Split the decision of what to do and actually doing it in
handle_node() to allow for detection of branches from svn nodes.
Split it into handle_node() and apply_node().

svn dumps are structured in revisions, which contain multiple nodes.
Nodes represent operations on data. Currently the function
handle_node() strongly mixes the interpretation of the node data
with the output of processed data to fast-import.

In a fast-import stream a commit object requires a branch name to
which the new commit is added at its beginning.
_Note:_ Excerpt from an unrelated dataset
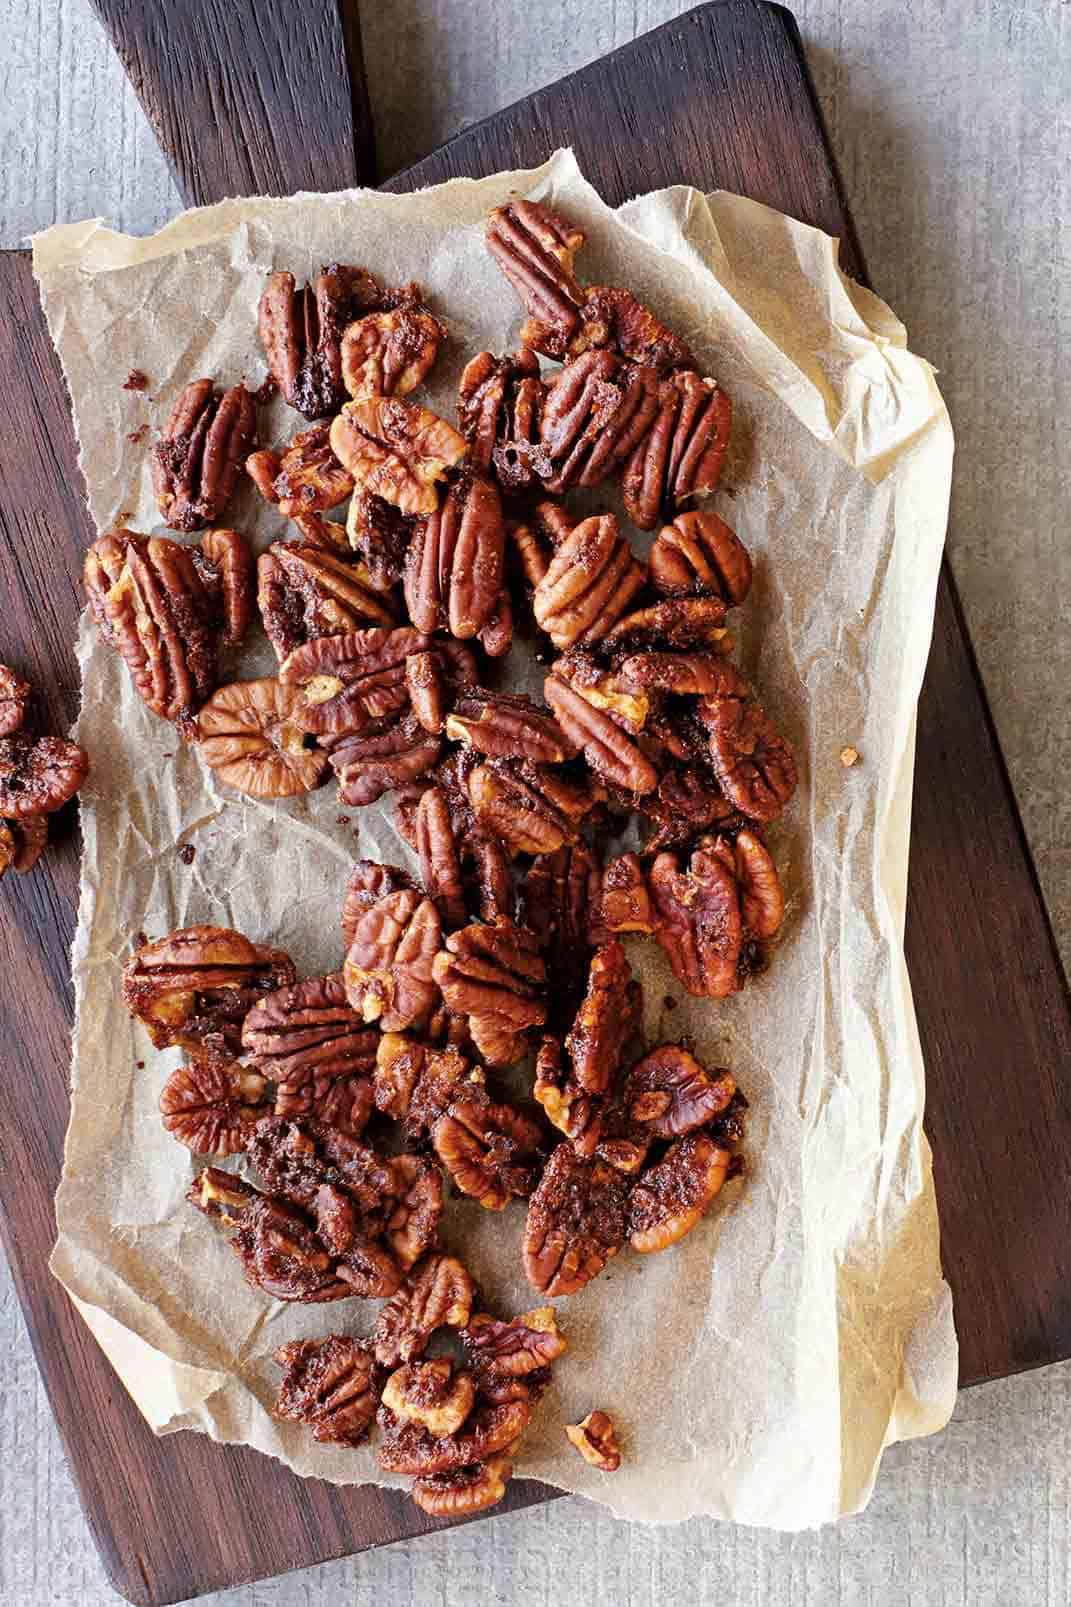 Fragrant and Spiced Pecans

We want to detect branches in svn. This can only be done by analyzing
node operations, like copyfrom. This conflicts with the current
implementation, where at the beginning of each new revision in the svn
dump, a new commit on a hard-coded git branch is created, before even
reading the first node.

To allow analyzing the nodes before deciding on which branch the commit
will be placed, store the node metadata of one complete revision, and
create a commit from it, when it ends.

Each node can have file data appended. It's desirable to not store the
actual file data, as it is unbounded.
fast-import has a 'blob' command that allows writing blobs, independent
of commits. Use this feature instead of sending data inline and send
the actual file data immediately when it is read in.
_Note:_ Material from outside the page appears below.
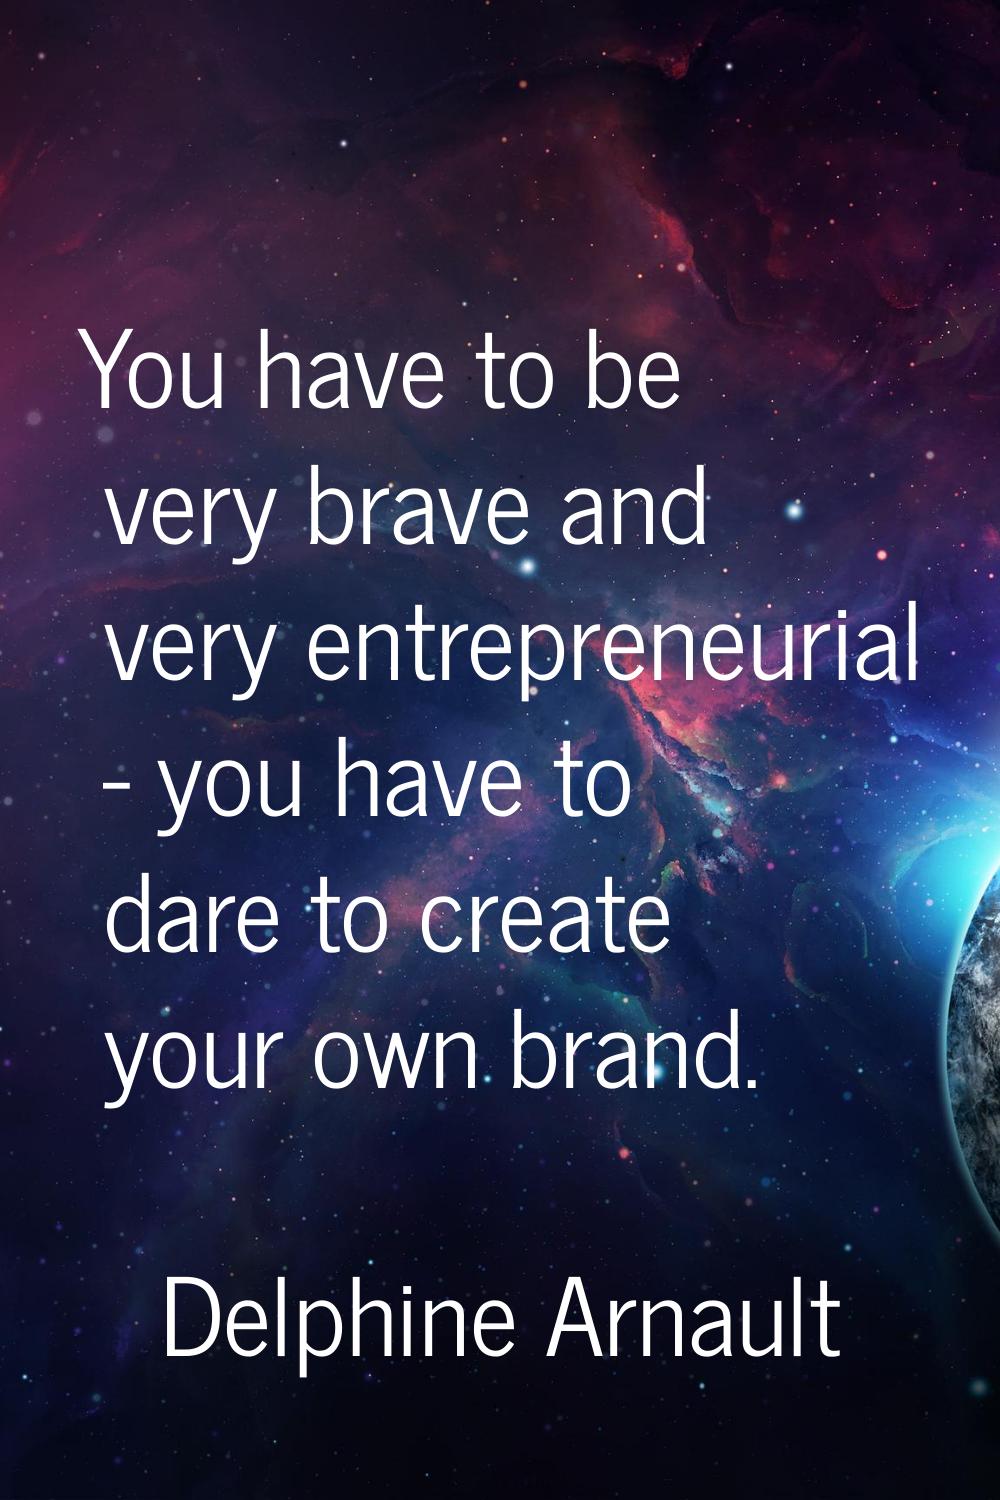 You have to be very brave and very entrepreneurial - you have to dare to create your own brand.

Use the previously added SHA1 calculation feature of fast_export_data
and fast_export_blob_delta to retrieve the SHA1 of the written blob
and reference it later. fast-import's marks can not be used for that,
because they are already used for marking commits, where the mark
number corresponds to exactly one svn revision.

Change handle_node() to interpret the node data, store it in a node_ctx,
send blobs to fast-import, and append the new node_ctx to the list of
node_ctx.
Do this until the end of a revision.

Just clear the list of note_ctx in begin_revision().
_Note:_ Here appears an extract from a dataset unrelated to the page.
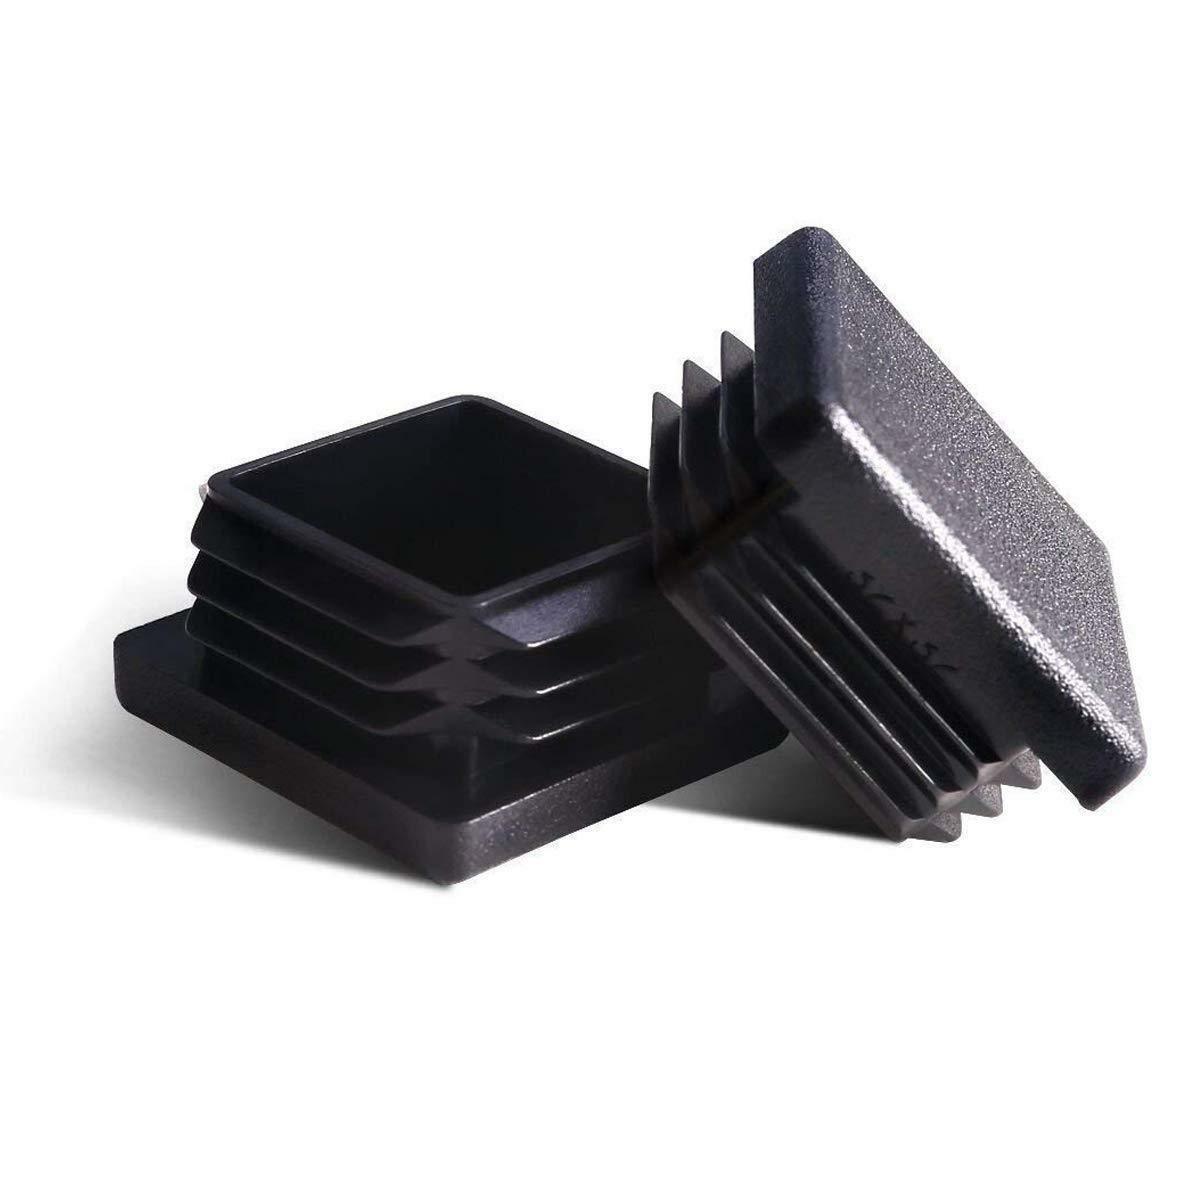 Primary image for 8 Plastic 1'' O.D. x 7/8'' I.D. Square Glide Tips

At end_revision() all node metadata is available in the node_ctx list.
Future's branch detectors can decide what branches are to be changed.
Then, call apply_node() for each of them to actually create a commit
and change/add/delete files according to the node_ctx using the already
added blobs.

This can also be used to create commits if the node metadata does not
come from a svndump, but is stored in e.g. notes, for later branch
detection.

Signed-off-by: Florian Achleitner <florian.achleitner.2.6.31@gmail.com>
---
 vcs-svn/svndump.c |  165 ++++++++++++++++++++++++++++++++++-------------------
 1 file changed, 107 insertions(+), 58 deletions(-)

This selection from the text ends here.